The goal was to separate some of our stateful workloads from our traditional hosting stack. This team exceeded their initial goal and created a highly available Kubernetes service that would be easier to manage than our existing database solution. 

The impact of this project on the future of hosting at WP Engine cannot be overstated, and that is why it won The Platinum Prospectors Prize. The team donated their winnings to Feeding America, contributing to the fight against hunger.

ChatWPYee-Haw: Girish Byraiah’s AI Code Wrangler Award

screenshot of an answer provided by the ChatWPYee-Haw AI assistant which was created by Ben Turner, Drew Holt, Eric Haase, Eric Hoanshelt, Justin Lim, Mehar Gangishetti, Parul Priya, Peter Nuernberg, Ramya Iyer, Silver Bowen, and Spencer Putnam

This team proved the underlying technologies that WP Engine could use to create an intelligent assistant for internal use. Leveraging Google’s Vertex AI Search, this team created a generative AI language model that integrates into Slack. 

Their creation delivered a stellar interactive demo, providing the finest cowboy facts this side of the Mississippi. This project opens the door to future models trained on internal knowledge sources similar to the ones used by the Search Cowboy project. 

Ben Turner, Drew Holt, Eric Haase, Eric Hoanshelt, Justin Lim, Mehar Gangishetti, Parul Priya, Peter Nuernberg, Ramya Iyer, Silver Bowen, and Spencer Putnam donated their winnings to Doctors Without Borders, which delivers worldwide emergency medical aid.

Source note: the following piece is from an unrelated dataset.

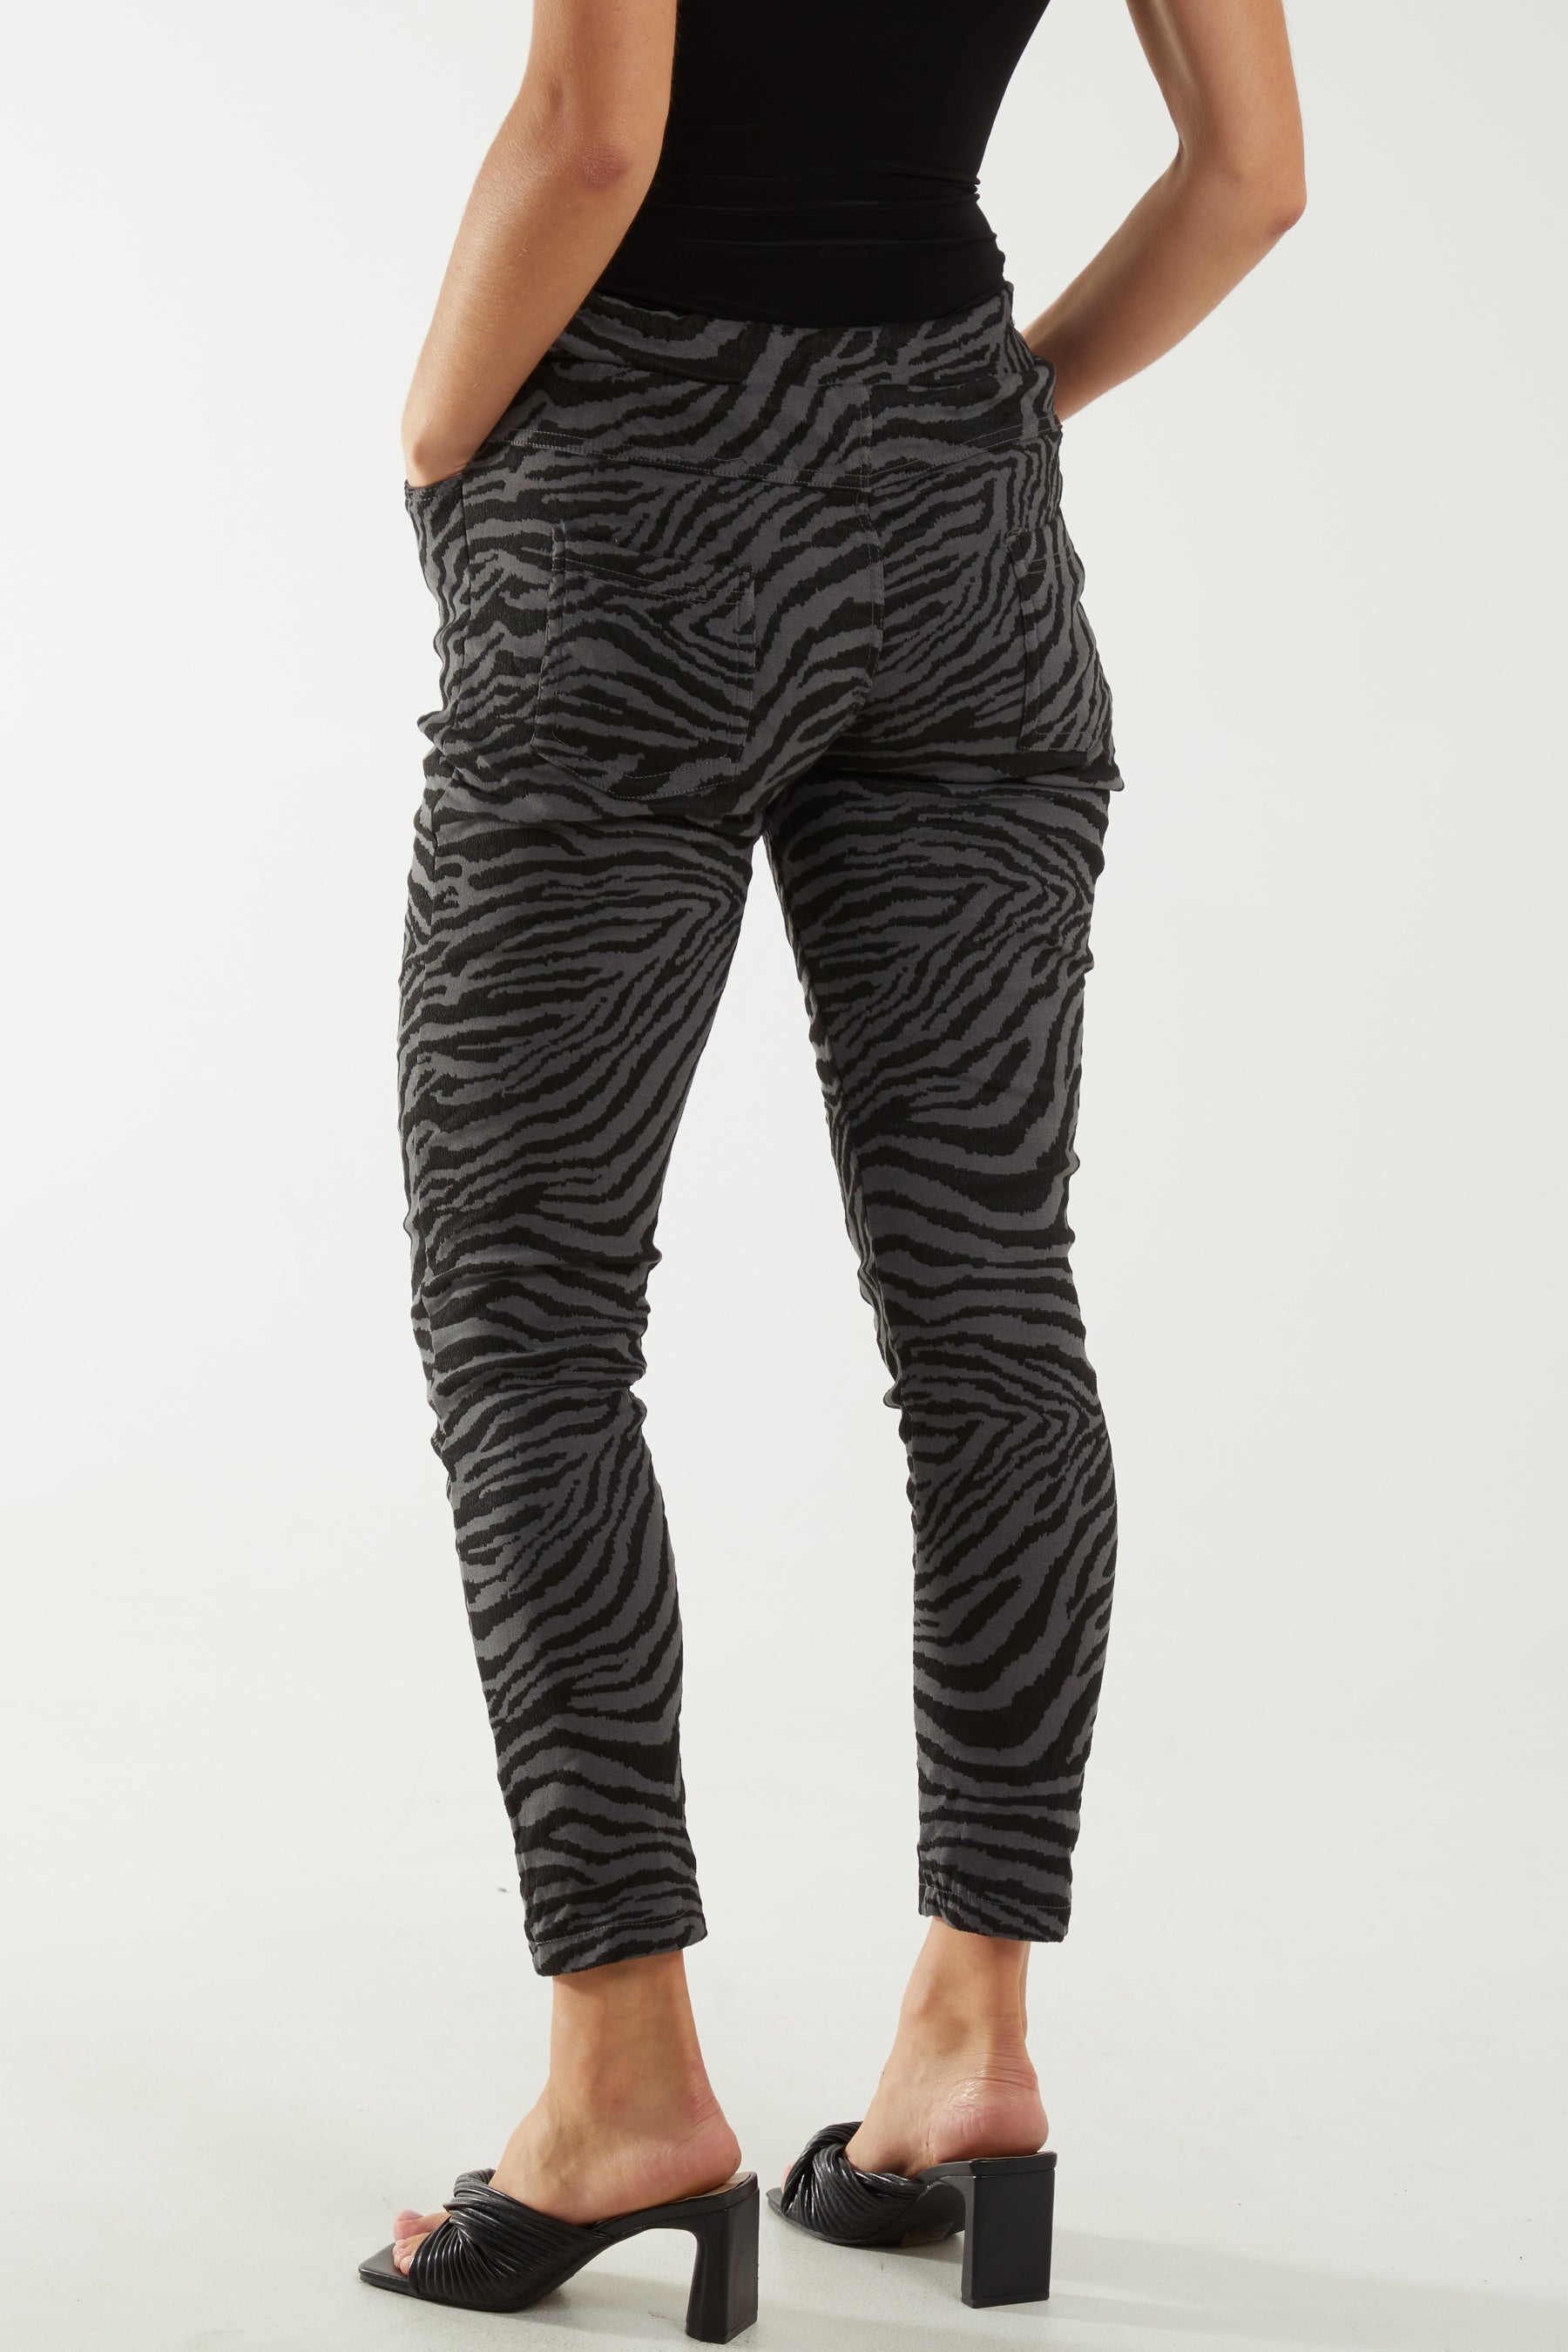 Zebra Print Elasticated Trousers

The spirit of innovation and collaboration we witnessed during the Old West Hackathon is something we carry with us every day at WP Engine. Our commitment extends to fostering an environment where employees are empowered to explore new ideas and take risks. Believing this ethos propels our ongoing innovation and growth.

Have you participated in other exciting Hackathons? Please share your experiences with us in the comments! 

If you’re eager to saddle up for our next Hackathon, WP Engine welcomes passionate individuals to join our Engineering teams. Exciting opportunities await, including our recent announcement of 20 new job openings at our award-winning Limerick office

For more details, visit our careers page.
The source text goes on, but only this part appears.